いつもと違う雰囲気に、中には明らかに嫌な顔をする人もいました。
「いちいちうるさいな。」
「気持ちよく打てればそれでいいのに。」
そんな声が聞こえてくるようでした。
コーチは、少しでも上達できるように、というつもりだったのかもしれません。が、それはコーチの独りよがりじゃない?とコーチの想いを押し付けられたように私は感じたのです。
私は、エアロビクスや高齢者対象の健康体操教室で、テニスコーチと同じく運動指導をしています。
テニスと違って、個人的に指摘をするようなことはほとんどありませんが、それでも、お客様のモチベーションを上げるためだったり、安全で効果的に動いていただくために全体に向かって様々なフィードバックをしています。
具体的にどんなことをしているか、というと・・・
まず、どう動くのか?を身体の動きと言葉で伝えます。
(ラジオ体操を思い出してみてください)
その後、参加者の動きを見ながら、
「その調子です!!」とモチベーションを上げる声がけをしたり、
「息を吐いて行いましょう!」「もう少し手は遠くに挙がりますか?」など、安全で効果的に動けるよう声がけをします・・これがフィードバックです。
今回のテニスコーチに不快感を感じたことで、自分のフィードバックはどうなんだろう?と改めて心配になり、色々と考えてみました。
*お客様は私のフィードバックをどう思っているのだろう?
*気持ちよく動ければそれでいい、という人が大半だと勝手に
思っていたけれど、中にはより効果的に動けるよう、もっと
指導して欲しいと思っている人もいるかも?
*そもそも、わたしの声がけをフィードバックとして認識して
いないかも?
*そういえば、何故声がけをしているのか?きちんと説明して
いなかった。
*お客様は、どんな目的で教室に来られているのだろう?
運動指導をして30年、当たり前のように声がけ(フィードバック)をしてきましたが、受け取るお客様の側に立って考えてみなかったことに気付いたのです。
また、私自身、コーチングを学ぶまで、フィードバックをしているという認識がなかったことも改めて思い出しました。
私の声がけ(フィードバック)に対する認識を、私とお客様で共有することがまず必要だ!と思いました。
そして、それぞれの教室で、声がけ(フィードバック)について話してみることにしたのです。

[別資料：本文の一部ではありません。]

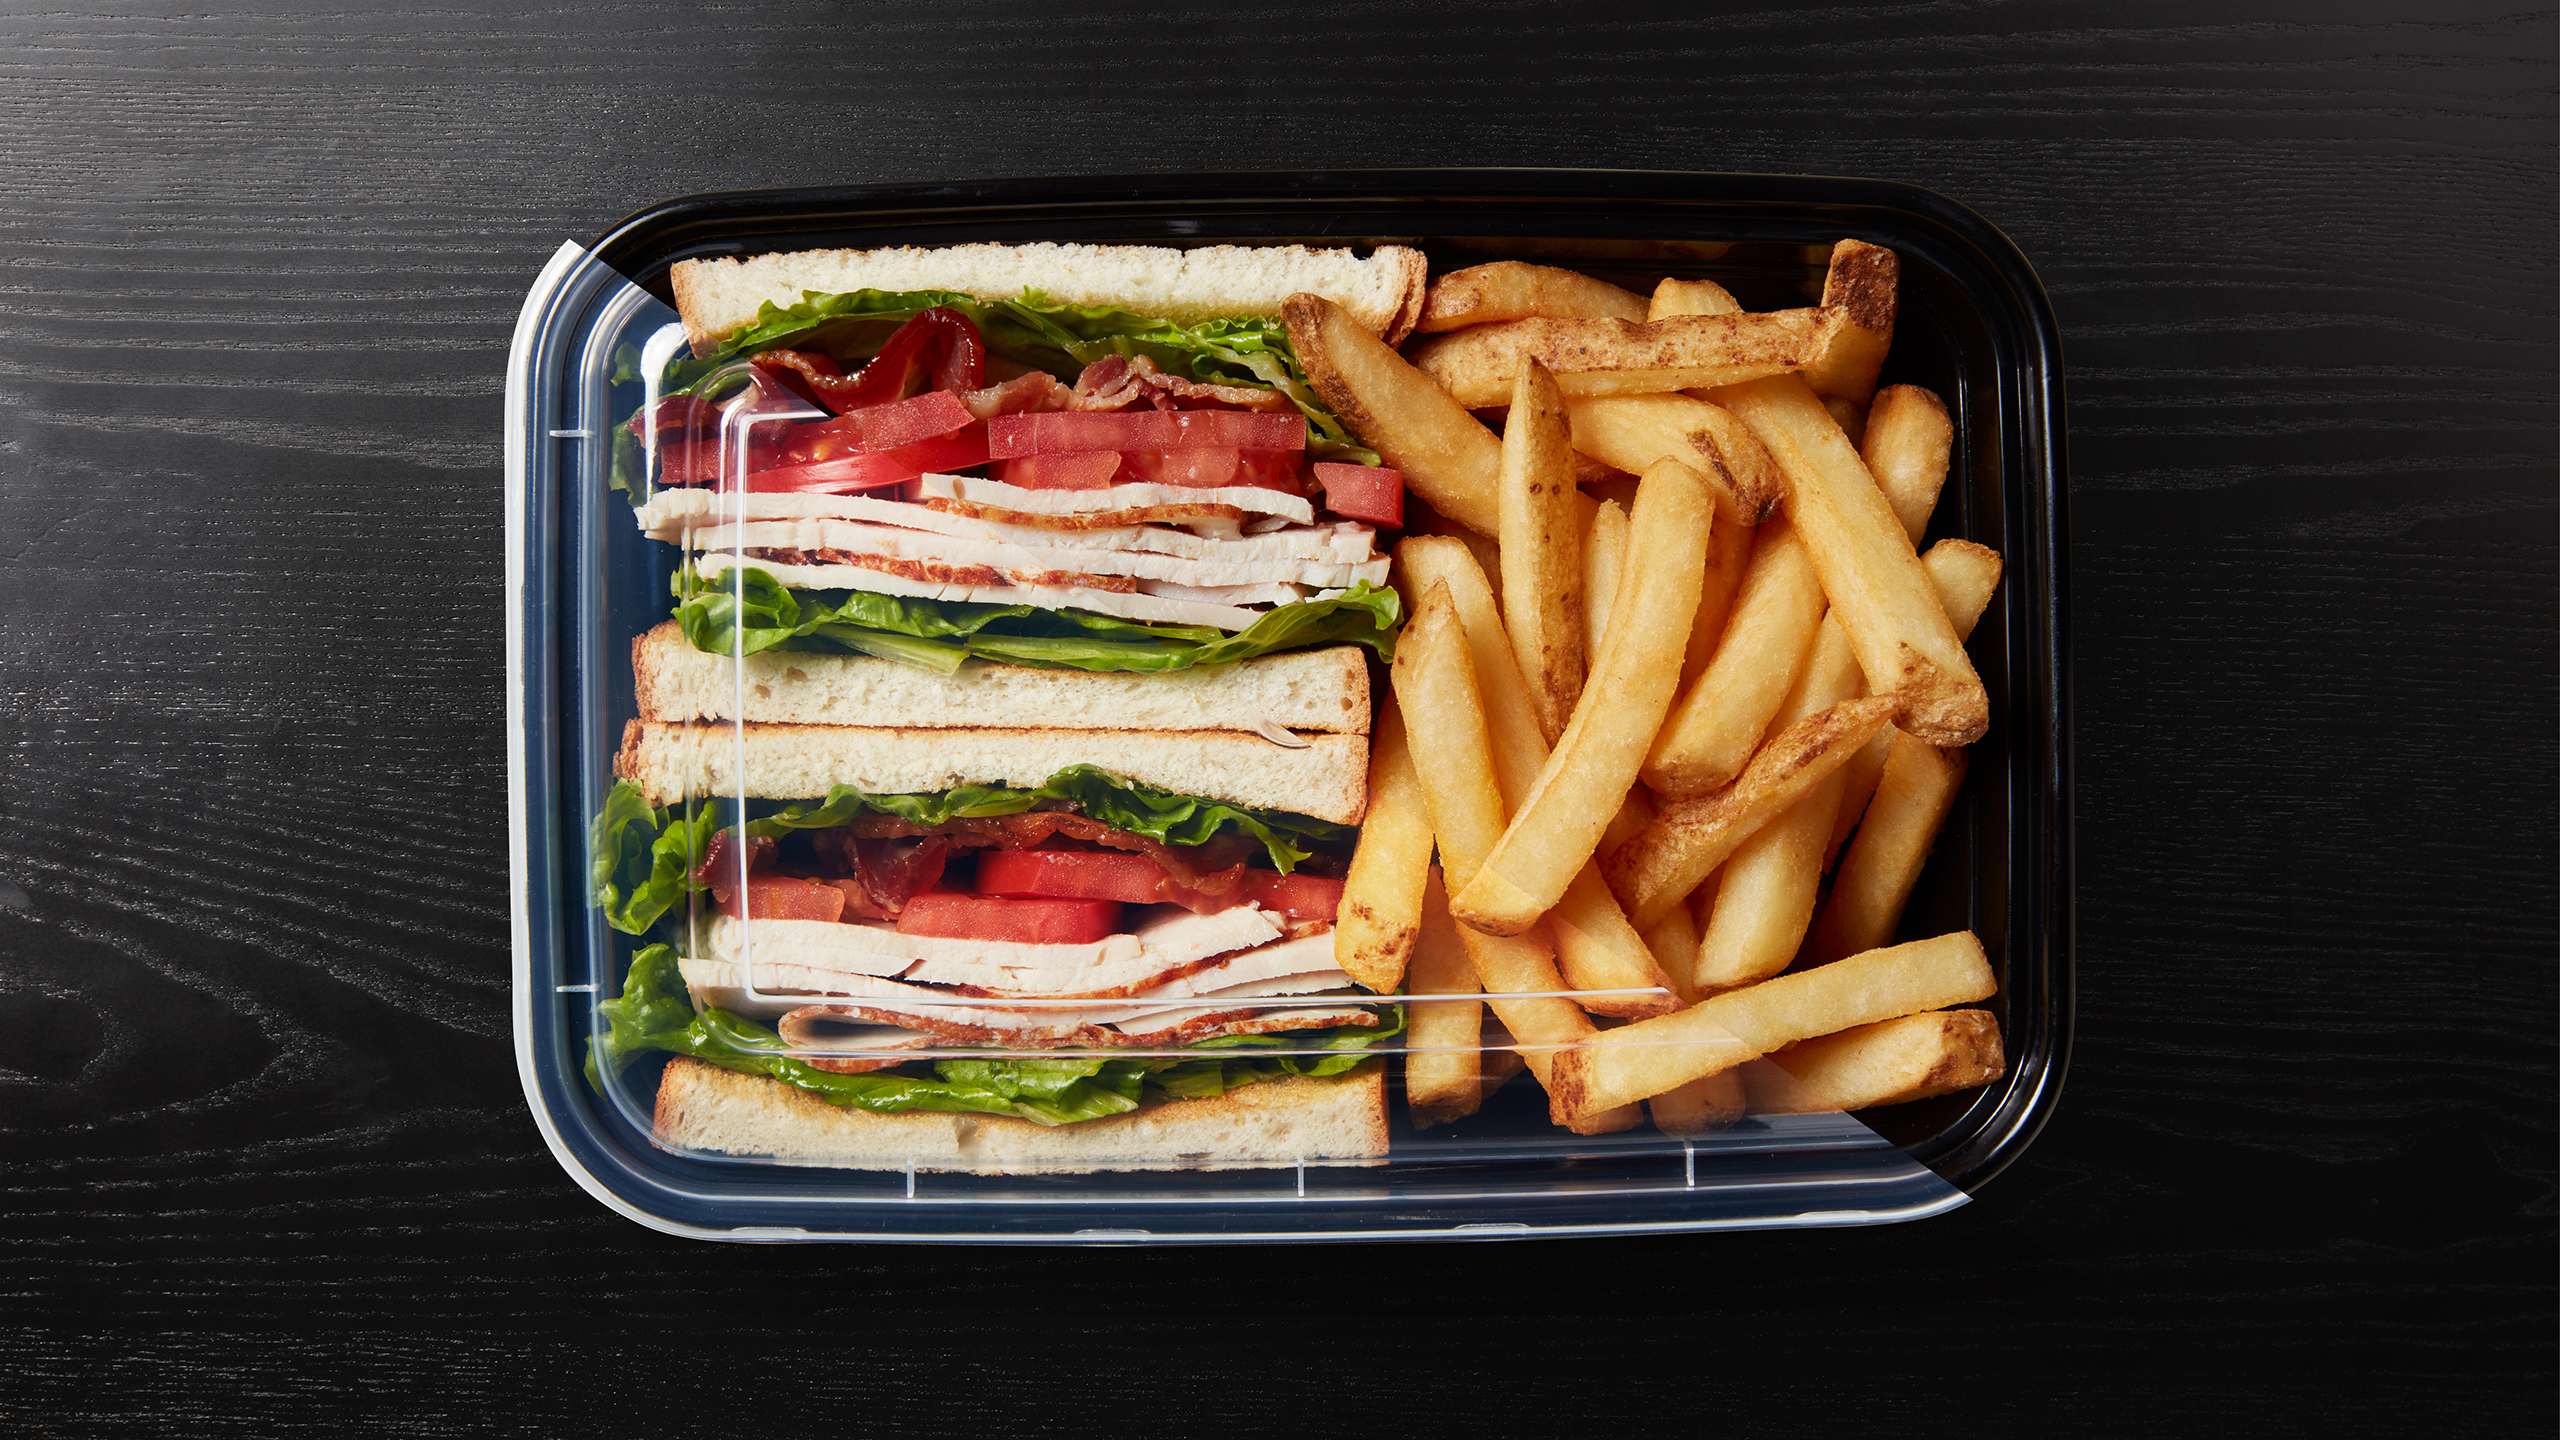 McCain Surecrisp fries and club sandwich

*より安全に効果的に動いていただきたいと思って声をかけて
いること。
*私の声がけは聞き流しても構わないこと。
(受け取るかどうかはお客様次第)
*より効果的に動きたい方は意識して動くと良いこと。
*10年後も今と同じ生活が出来る機能と体力を維持すること
が教室の目的であること。
*お客様それぞれの目的には何か?考えてみて欲しいこと。
話したからと言ってすぐに何か反応があるという訳ではありませんでしたが、中には強く頷いてくださる方もいて、私が声をかけている意味については理解していただけたようでした。
その後、お客様からの感想や質問などの声をいただくことも増え、よりお客様との距離が縮まったように感じています。
私自身も、何のためにフィードバックするのか?をしっかり考えながら声をかけるよう、意識するようになりました。
フィードバックをする時、多くの場合、その奥には何らかの意図や想いがあるはずです。その意図や想いが相手に伝わってこそ、フィードバックが活かされ、ひいてはお互いの関係性も変わってくるのではないか?と思います。
私が冒頭で以前、フィードバックを受け取れなかったと書きましたが、その時は、私にフィードバックしてくれた方の想いに気付けなかったのかも?と今では思えるようになりました。
その想いに気付いていたら、受け取り方も変わっていたかもしれませんね。
最後までお読みいただき、ありがとうございました!
あなたはどんな風にフィードバックしていますか?
あなたはどんな風にフィードバックを聞いていますか?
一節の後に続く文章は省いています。